Considering their interrelatedness, the relative ratio of sAng-1 to Ang-2 has been defined as a more reliable diagnostic and prognostic marker for several adverse clinical outcomes of malignant diseases including cervical cancer, ovarian cancer, colorectal cancer, melanoma, and hepatocellular carcinoma [10]. The downregulation of sAng-1/sAng-2 is significantly associated with good predictivity of patients’ poor responsiveness to chemotherapy but not with relapse status or achievement of remission status.

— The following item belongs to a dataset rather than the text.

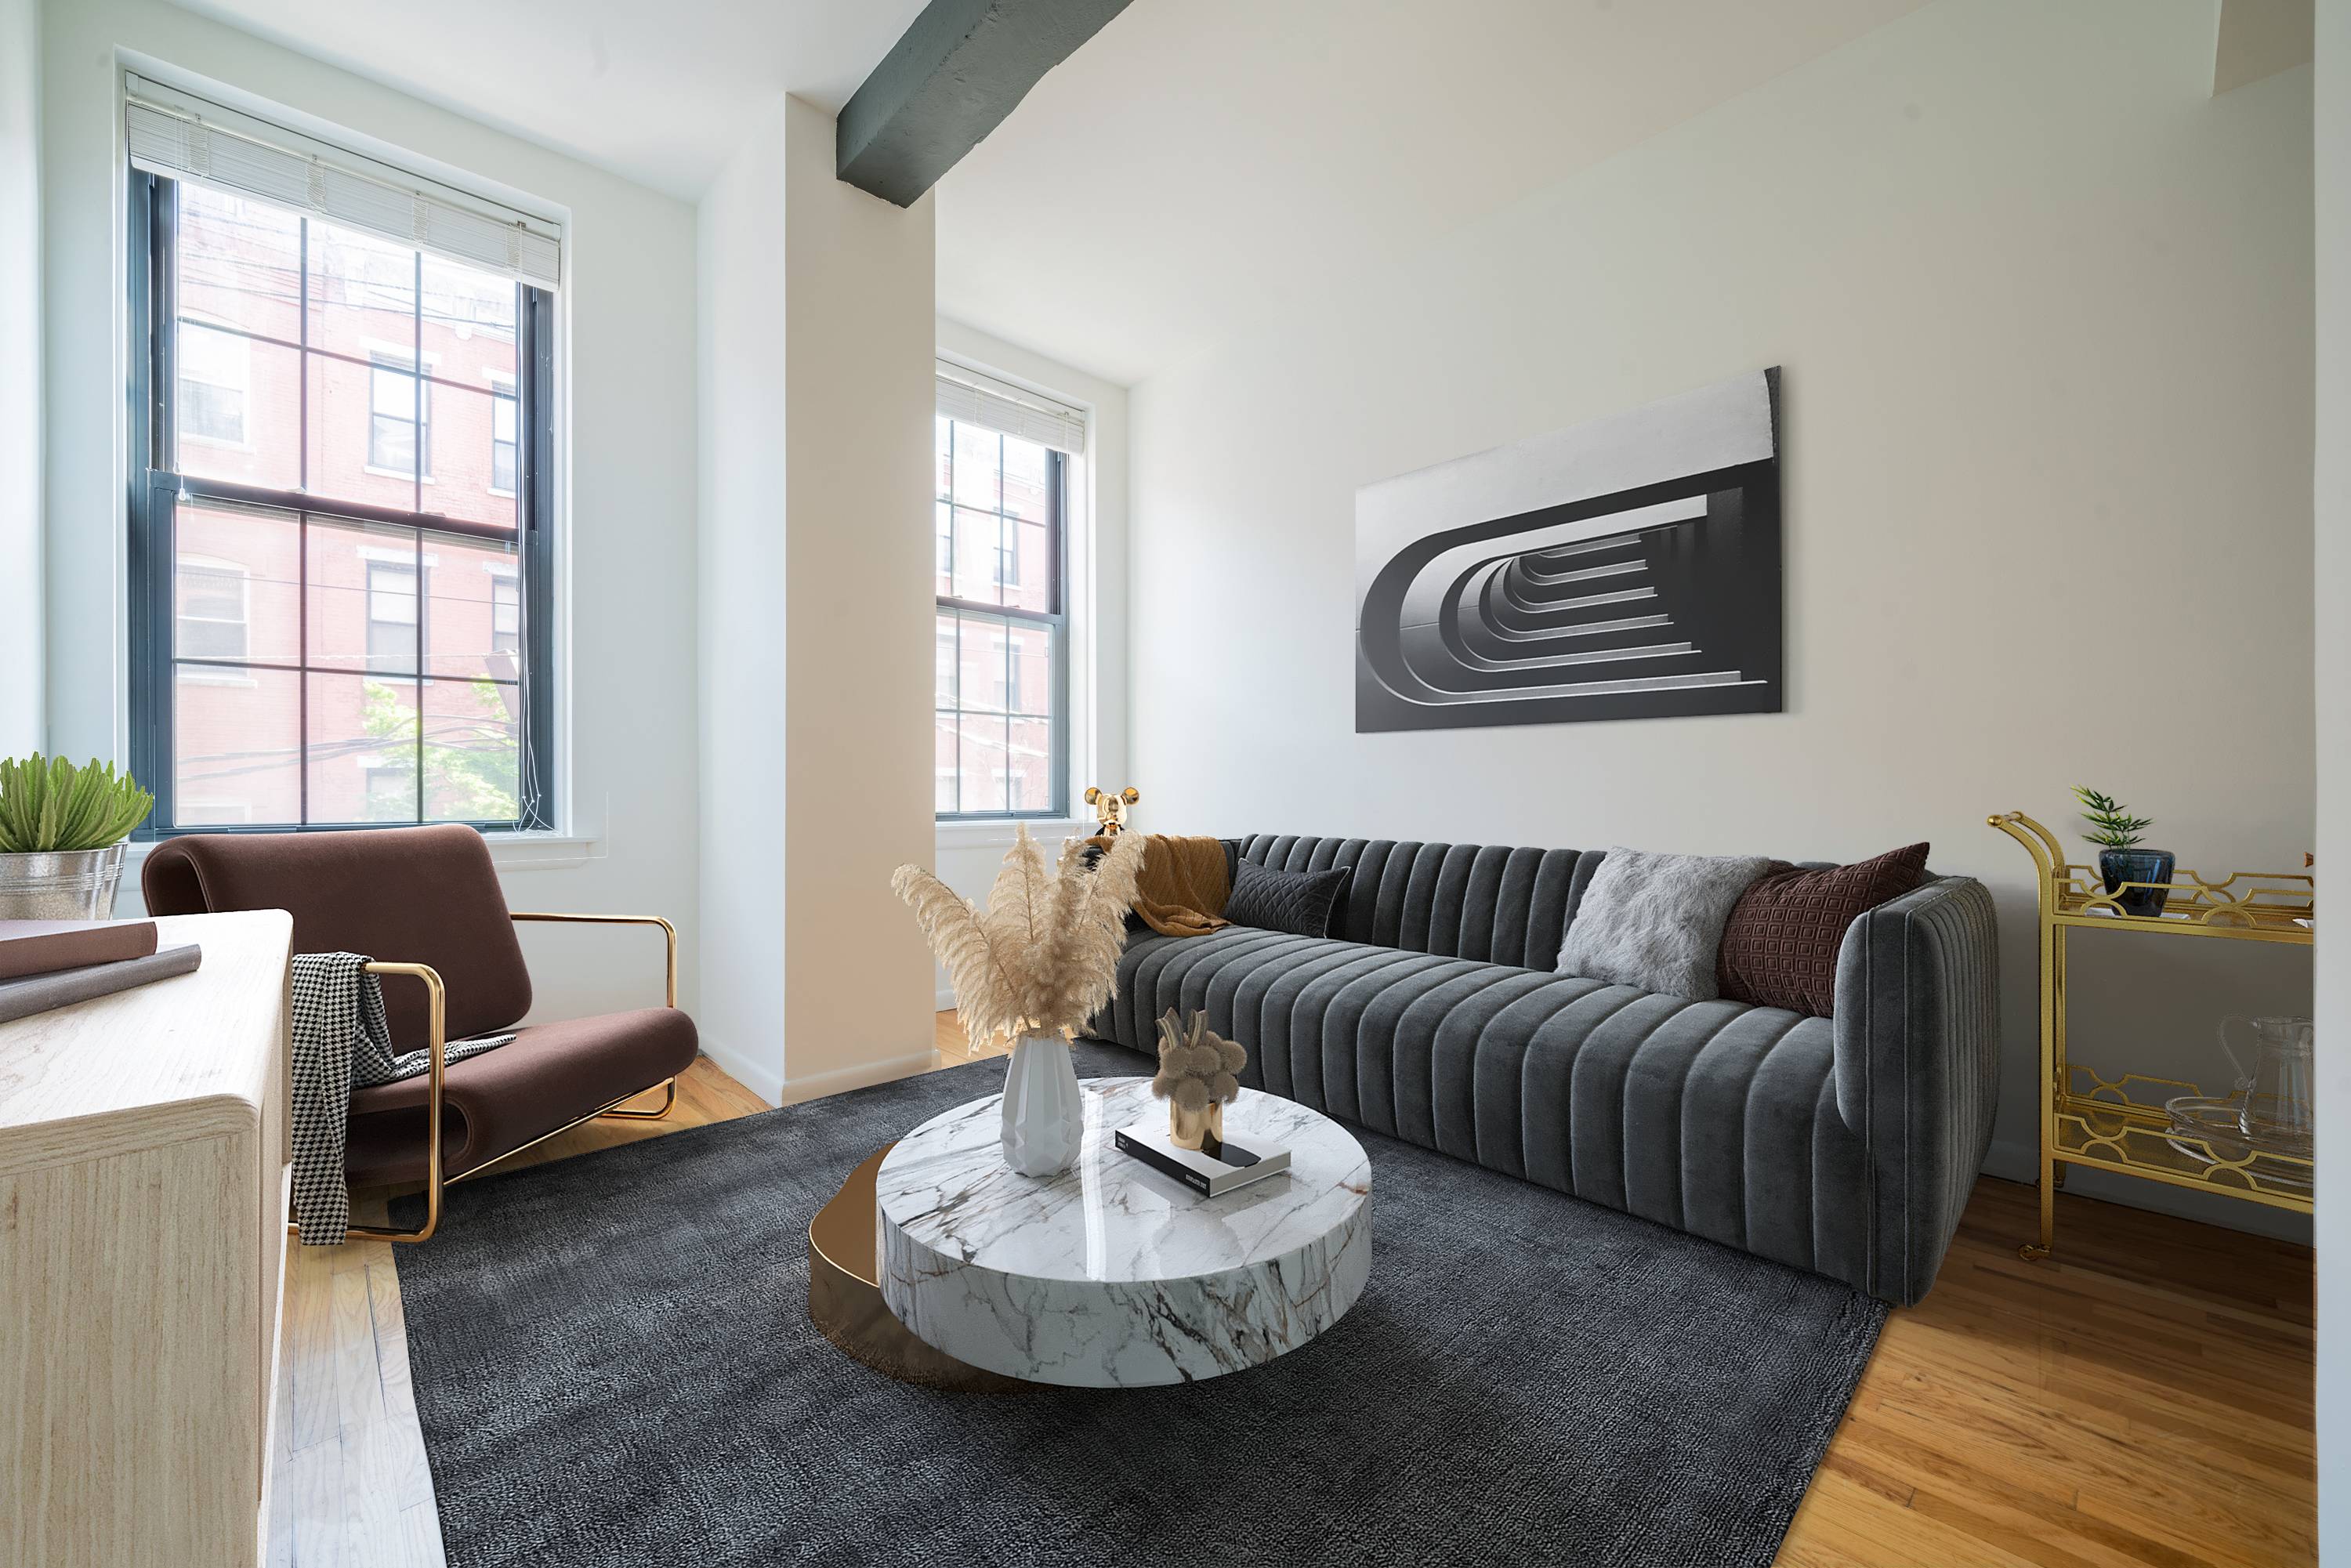 Soho-Style Lofts located in the heart of Downtown Hoboken!  Studio - 3 Bedroom Homes!  No Broker Fees!

In conclusion, downregulation of sAng-1 and upregulation of sAng-2 may serve as useful prognostic tools to predict patients’ responsiveness to chemotherapy and the status of achieving remission, respectively. This study has potential limitations due to which our findings should be considered preliminary, requiring further investigation to enhance their validity and clinical reliability. The first limitation concerns the small sample size and the single time-point measurement throughout the therapeutic intervention. A larger sample size with multiple time-point measurements should make it possible to conduct multivariate analysis and survival analysis to validate the reliability and predictivity of clinical outcomes. Secondly, there is a lack of molecular and cytogenetic features that are established as important diagnostic and prognostic hallmarks to predict the clinical outcomes of both de novo and relapsed AML [3, 36]. Thirdly, there is a lack of data to define the intensiveness (dosage, frequency, and duration) of the stratified chemotherapeutic regimen, which varies among patients in accordance with their disease progression [37]. The final limitation concerns the unavailability of demographic features, which vary among patients and affect their clinical status at the time of diagnosis, including the percentage of bone marrow blasts, peripheral blood leukocytosis, FAB classification, and the duration of disease-free survival of relapsed patients.